The United States of America is the only major democratic country in the world that continues to use diplomatic positions for rewarding political connections and it seems that the Obama administration has taken this concept to a new high. Statistics show that in the current tenure of President Obama’s presidency, about 37 percent of foreign diplomacy posts have been awarded to political friends. We are not saying that this is something new as these posts have been used like this throughout the history of United States of America; the issue is that while campaigning for the elections, President Obama made a promise to put an end to the back scratching policies prevalent in the Washington.
- The issue:
A string of recent embarrassing mistakes by the foreign diplomats has brought the spotlight back on this disputed policy of awarding the posts of ambassadors for political benefits. Whitehouse faced some serious and difficult question at the last week’s press meet when the Obama’s nominee to Argentina admitted that he has never visited the country in his past.
- This is not something new:
Appointments to foreign diplomatic posts that are politically motivated is not something that has fallen straight out of the blue. If we take a look back at how President Obama’s appointments stack up against those of his predecessors in the Whitehouse then we find that this is a usual practice followed by almost everyone. Under the presidency of former President Bill Clinton about 28 percent of these appointments were done for political reasons while under the President George w Bush this percentage increased up to 30 percent. Statistics show that in the past about one third of these appointments have been politically motivated. But under the current regime this figure of one third appointments has increased to a staggering 53 percent. That means that less than half of these appointments came from the Foreign Service pool.
Christian Whiton, who has formerly held the key position of State Department Adviser in the Bush Administration commented by saying that “Obama is pushing the envelope”.
This has been a bipartisan practice and hence has not been widely criticized but if we consider the performance during the confirmation hearings of the latest appointments then it raises the concern that the Obama administration is probably sending the wrong message abroad.

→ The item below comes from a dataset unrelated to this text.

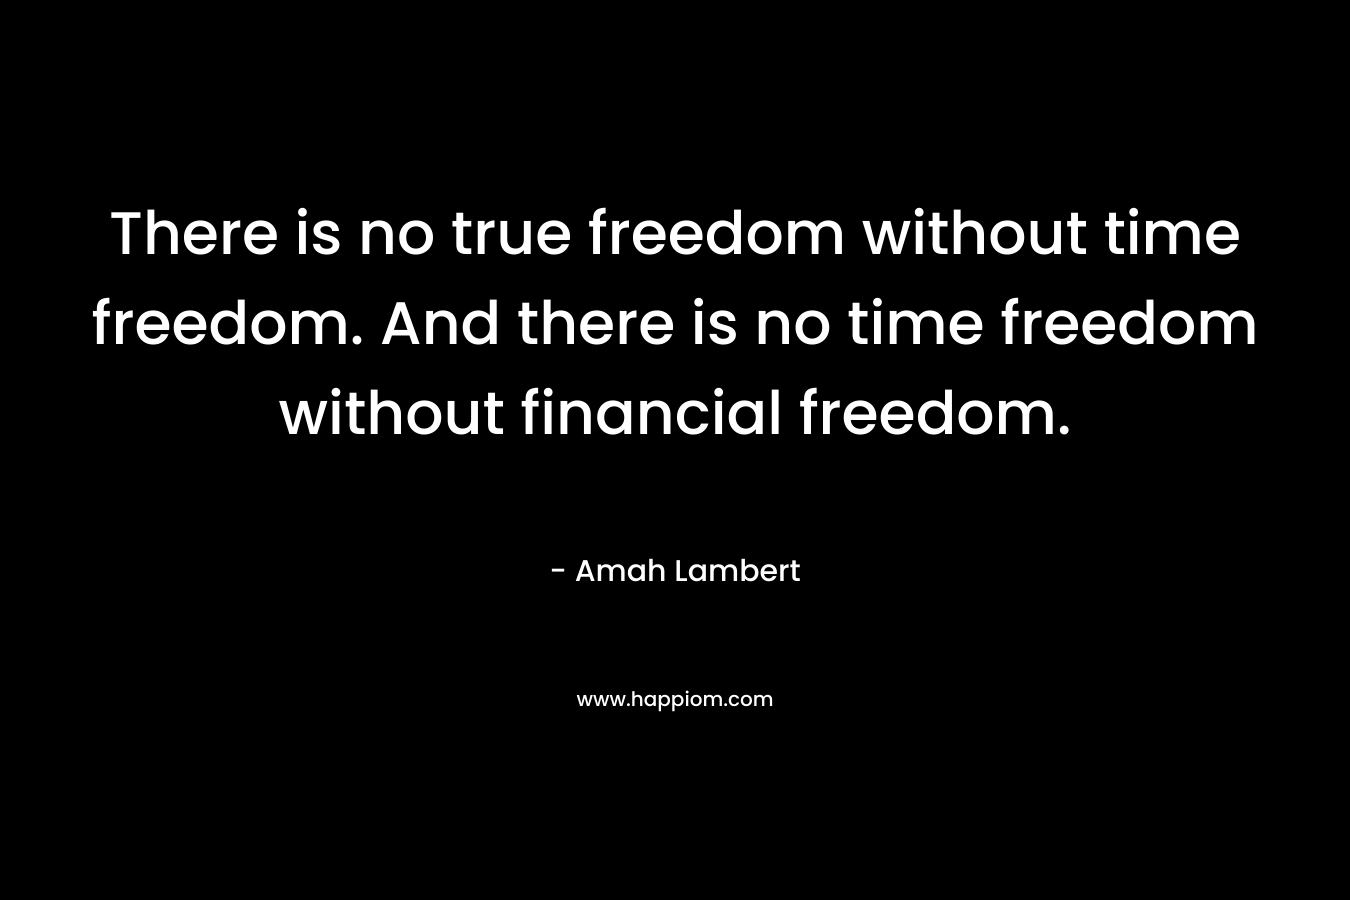 There is no true freedom without time freedom. And there is no time freedom without financial freedom.

If we look at this practice from a different angle then we would find that rewarding the donors with such positions has been a part of the Whitehouse’s history but sending those donors who are completely blank on the situations and issues of the countries to which they are being appointed as ambassadors is something that has never been seen before.
When we raised doubts over such appointments, the state department spokeswoman Jen Psaki said that many esteemed U.S. Ambassadors have come from outside the Foreign Service pool, she even cited the example of Sargent Shriver in France. She said that it won’t be wise to assume that they will not perform well, she stressed on the fact that they have had tougher hearings and they deserve some time before any judgment is made.